Things on this page are fragmentary and immature notes/thoughts of the author. Please read with your own judgement!
It is suggested that you use the Golang module spf13/cobra (instead of the standard Golang library flag) for parsing command-line arguments.
import (
"flag"
"fmt"
)
Declare a string flag --name
with a default value "Ben" and a short description.
Notice that the function flag.String
returns a string pointer (not a string value).
wordPtr := flag.String("name", "Ben", "Name of a person.")
numbPtr := flag.Int("numb", 42, "an int")
forkPtr := flag.Bool("fork", false, "a bool")
flag.Parse()
*wordPtr
*numbPtr
*forkPtr
flag.Args()
Sub Commands¶
You can define sub-commands using flag.NewFlagSet
.
However,
flag
does not automatically generate help docs for sub-commands defined
(which is not as convenient as argparse
in Python).
One way to improve the default behavior here
is to overwrite the -h
option for the main command
and print help documentation on sub-commands when -h
is specified.
Below is such an example.
package main
import "flag"
import "fmt"
import "os"
func main() {
help := flag.Bool("h", false, "show help doc")
fooCmd := flag.NewFlagSet("foo", flag.ExitOnError)
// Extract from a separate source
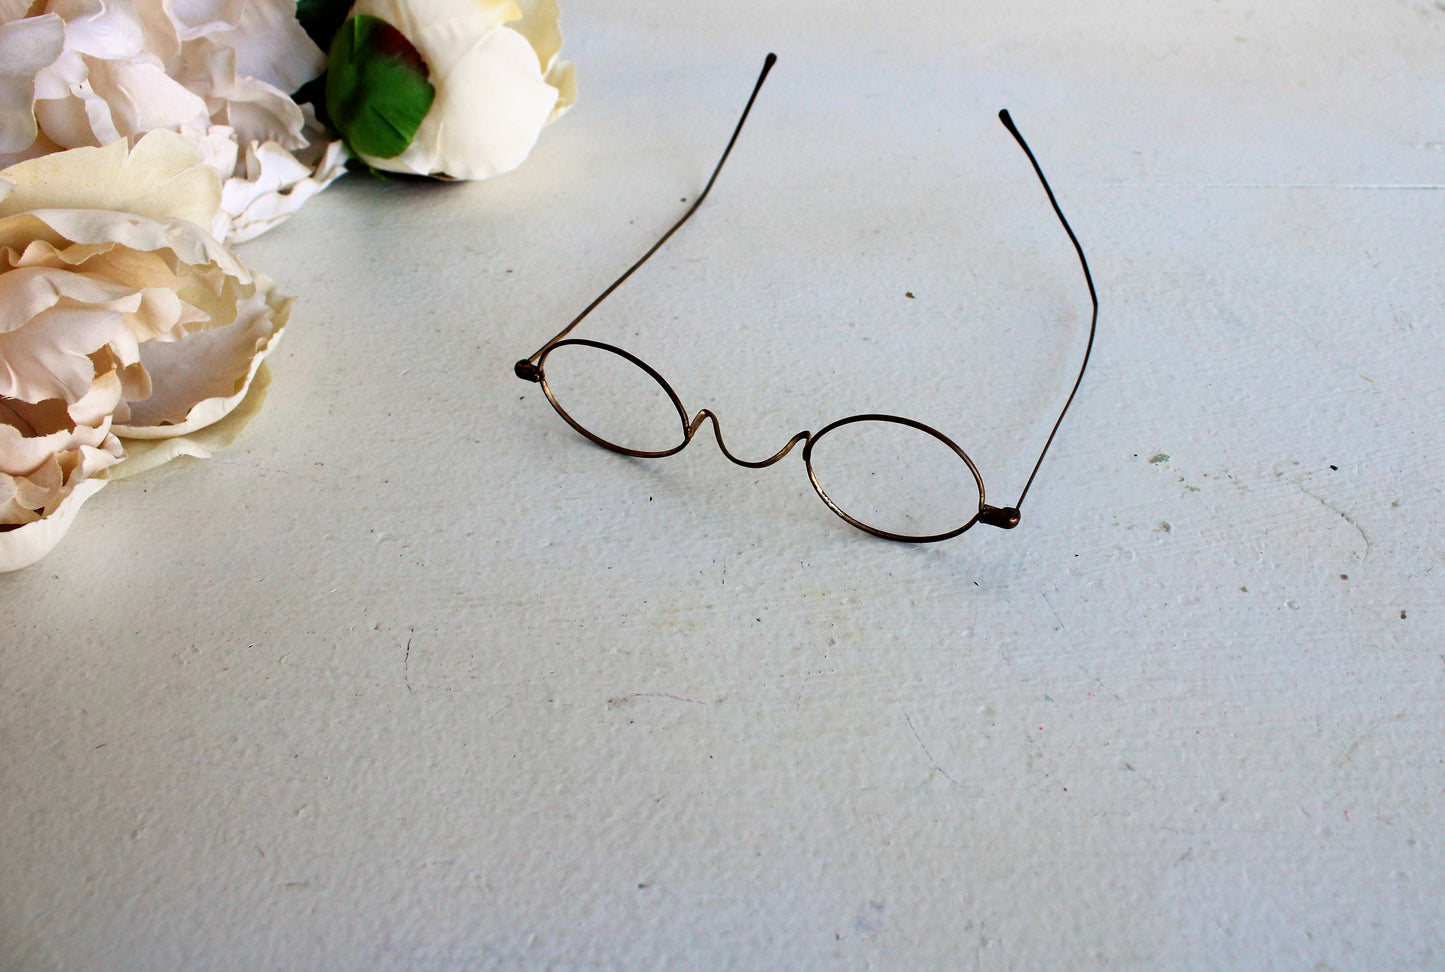 Antique Victorian Wire Spectacle Frames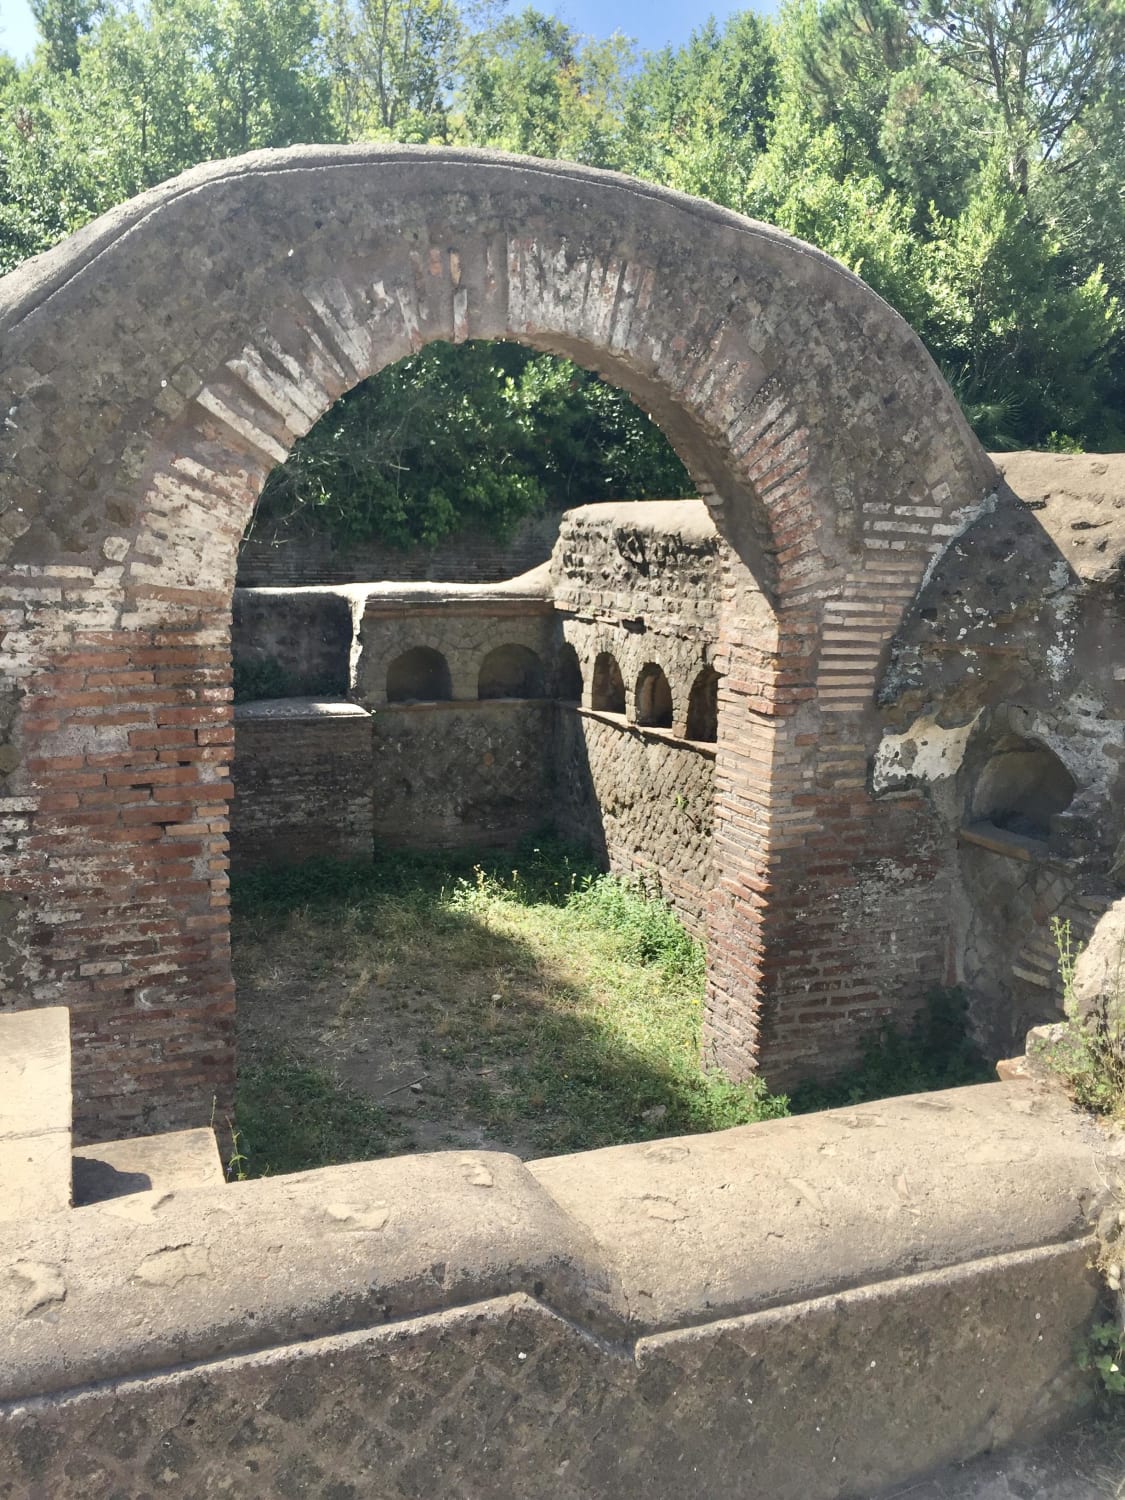 Roman columbarium on the Via Ostiensis, a two-story family tomb with niches for crematory urns. It contains a staircase, leading to a terrace which was used for funerary banquets. The courtyard features an ustrinum, the area where the deceased were burned. c.1st century CE, Ostia, Italy.

barCmd := flag.NewFlagSet("bar", flag.ExitOnError)
flag.Parse()
if *help {
fmt.Printf(`Usage of %s
foo - help doc on foo
bar - help doc on bar
`, os.Args[0])
os.Exit(0)
}
switch os.Args[1] {
case "foo": _parse_foo(fooCmd)
case "bar": _parse_bar(barCmd)
}
}
func _parse_foo(fooCmd *flag.FlagSet) {
fooEnable := fooCmd.Bool("enable", false, "enable")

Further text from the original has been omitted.